In September 2004, they gathered for a long weekend at Ted Turner’s Ladder Ranch in the Chihuahuan Desert of New Mexico. Over easels and PowerPoint and after-hours beers, they dissected the rewilding idea and broke it down to its factual nuts and bolts, its practical challenges and criticisms, its societal costs and benefits.
The Ladder group agreed on several sobering premises: That human influence had utterly pervaded the planet. That what qualifies for wildness today is a paltry façade of the awesome Pleistocene bestiary we stumbled upon only 13,000 years ago. That the difference between then and now is at least partly, if not principally, our own doing and therefore our duty to repair.

***

Regardless of who or what was to blame, they concluded that the large animals’ absence was to be ignored at great peril. Forests, grasslands, and savannas had evolved in step with the Pleistocene megafauna. Their soils had been turned by trampling hooves, their seeds widely ferried and judiciously fertilized in herbivore dung. All but the very biggest of those herbivores had in turn been shaped in body and habit by their large predators. Were there no repercussions for such wholesale megafaunal erasure? Reports from the field were already suggesting the feared answer.
There was northern Siberia, where about 10,000 years ago 1 million km2 of vibrant grasslands had suddenly vanished. They had been replaced by infertile mossy tundra—a transformation that ecologist Sergey Zimov attributes to the disappearance of a great menagerie of Pleistocene grazers.
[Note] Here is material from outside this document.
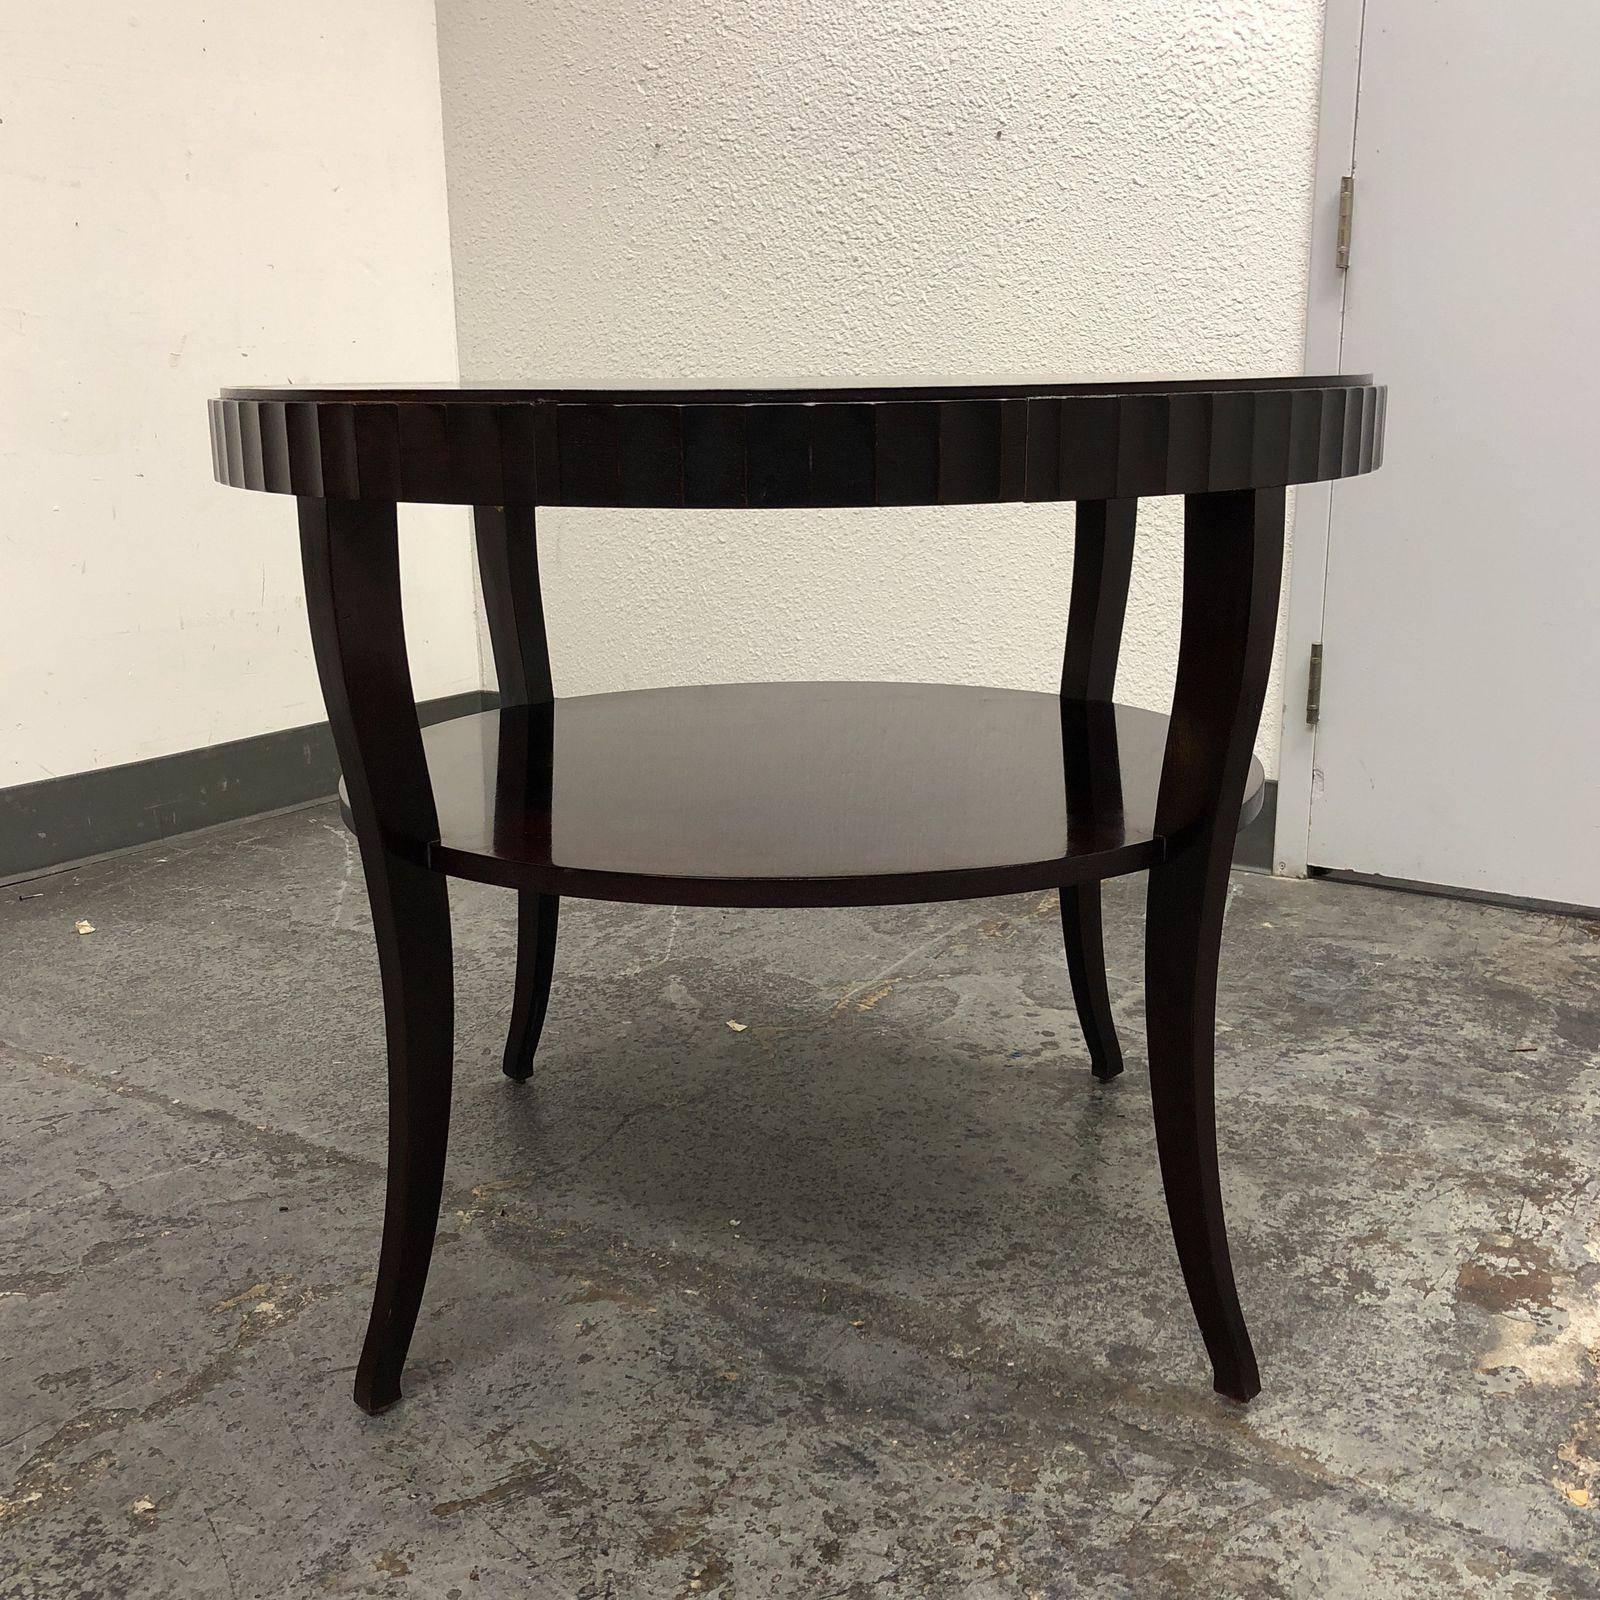 Baker Furniture Barbara Barry Side or Entry Table In Good Condition For Sale In San Francisco, CA

Zimov and colleagues argue that the grassy Siberian steppe that once fed musk oxen, mammoths, and wild horses was fed in return by the megafauna. (4) Their manure fertilized the grasses, and their hooves trampled the competing mosses.
The legacy of the missing mammoths may run deeper still, to the frozen ground. There, some 500 gigatons of carbon—more than twice the tonnage stored in tropical forests—lies tenuously locked in ice. As the climate now warms at breathtaking rates, Zimov foresees the permafrost melting and those gigatons of carbon being released skyward, feeding runaway greenhouse heating. It helps explain the urgency with which Zimov has been leading a government-backed rewilding experiment in Siberia. Grasslands maintain colder soils than moss-bound tundra. By restocking the tundra with horses, musk oxen and bison, he is hoping to win back the grasslands, to buy time against Siberia’s 500-gigaton time bomb of carbon. 
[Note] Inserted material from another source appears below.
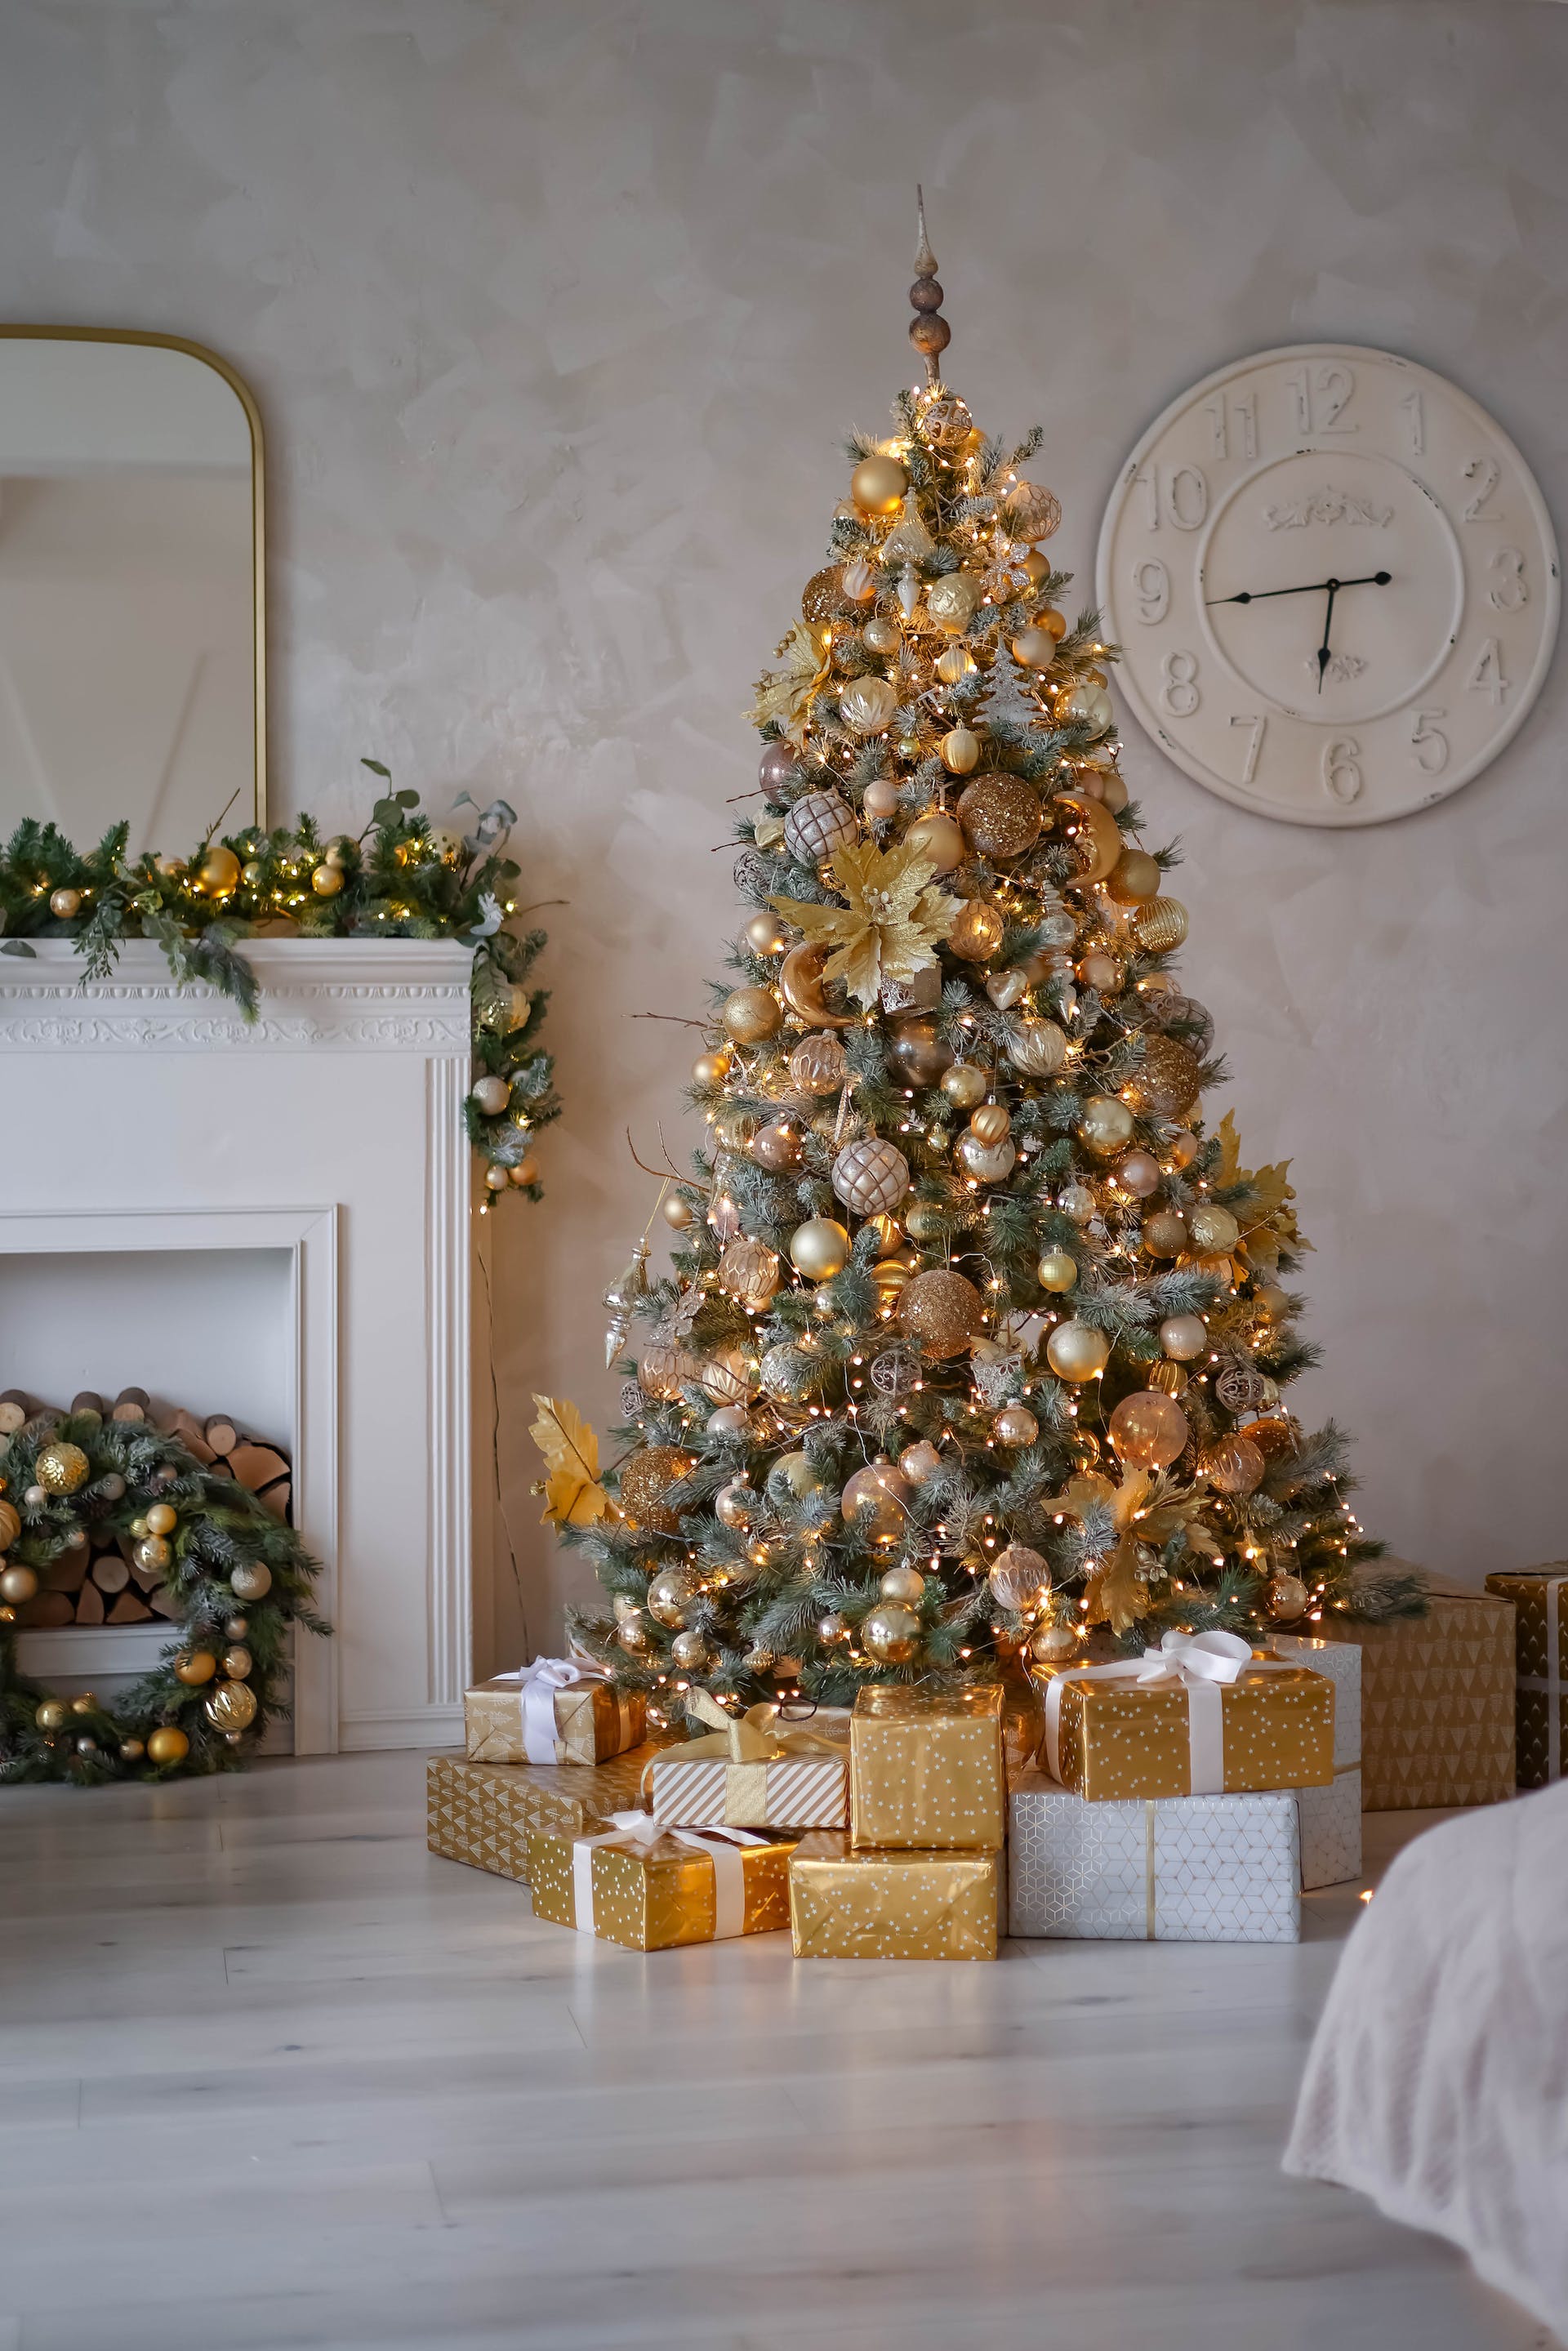 A Christmas tree with gifts | Source: Pexels

Signs of megafauna importance have also been coming from the sea. Most notoriously, there is an  ongoing collapse of marine mammal populations in the North Pacific, quite possibly stemming from the decimation of great whales (the ultimate megafauna) by industrial whalers. This hypothesis, championed by Alan Springer and Jim Estes, followed from corroborating lines of evidence. (5) The great whale’s disappearance forced its chief predator, the killer whale, to seek smaller game in the form of sea lions, seals, and sea otters, whose numbers plummeted in stepwise fashion. From there, the ecological cascade rumbled all the way to the bottom of the sea. As sea otters disappeared, their prey proliferated. Sea urchins marched en masse, mowing down coastal kelp forests across the Aleutians and reducing one of the Bering Sea’s most productive ecosystems to barrens.
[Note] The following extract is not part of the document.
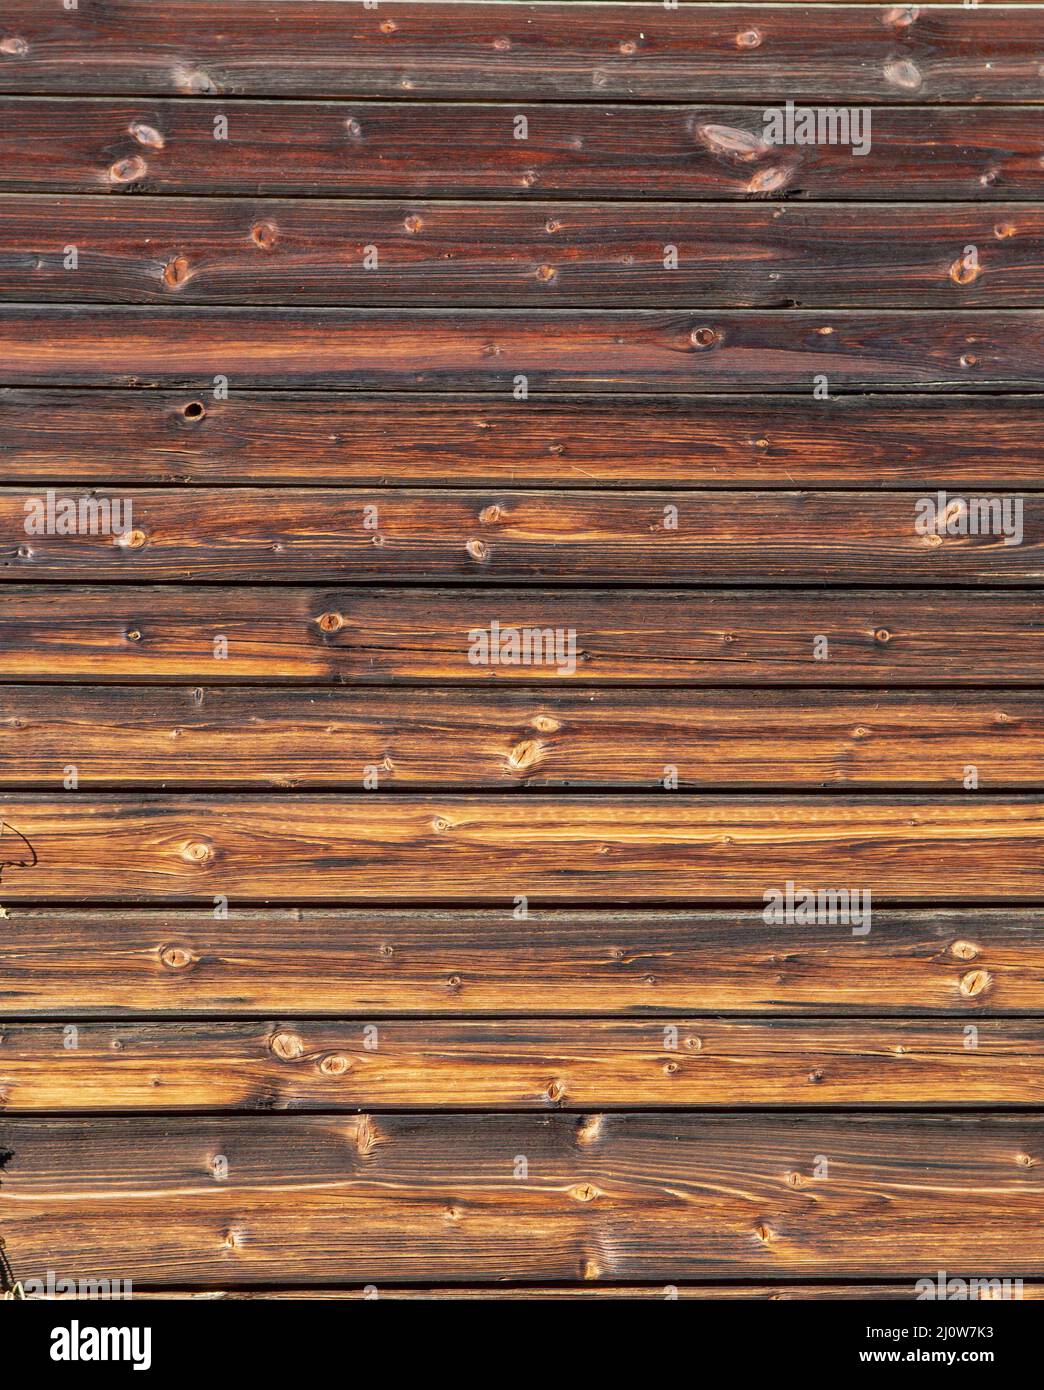 Old wooden boards background. Shabby vintage rustic texture. Aged brown wooden wall. Abstract. Stock Photo

The megafauna’s most shining endorsement is now on public display in the dramatic greening of Yellowstone National Park under the reinstated reign of the gray wolf. For 70 years following the wolf’s extermination from the park, Yellowstone’s oases of aspens, cottonwoods, and willows had been browsed to stubs by the world’s largest herd of elk. Within five years of the wolves’ return in 1995, the elk were running scared and willows were sprouting three meters high. With the willows’ return, the beaver followed—from one colony before wolf reintroduction to ten colonies at last count. With the new beaver ponds have come more fish and with the streamside groves more songbirds. The list of beneficiaries goes on, from ravens and grizzlies fattening on wolf leftovers to the encouraging number of surviving pronghorn fawns now that the lurking coyotes have been scattered by territorial wolves. (6)
These are part of a growing body of portents to the ecological costs of doing nothing, not to mention the esthetic bankruptcy foreseen in a world overrun with weeds. In short, the megafauna matters. Which brought the Ladder 12 to a rather imposing quandary, that of resuscitating a graveyard of deceased species.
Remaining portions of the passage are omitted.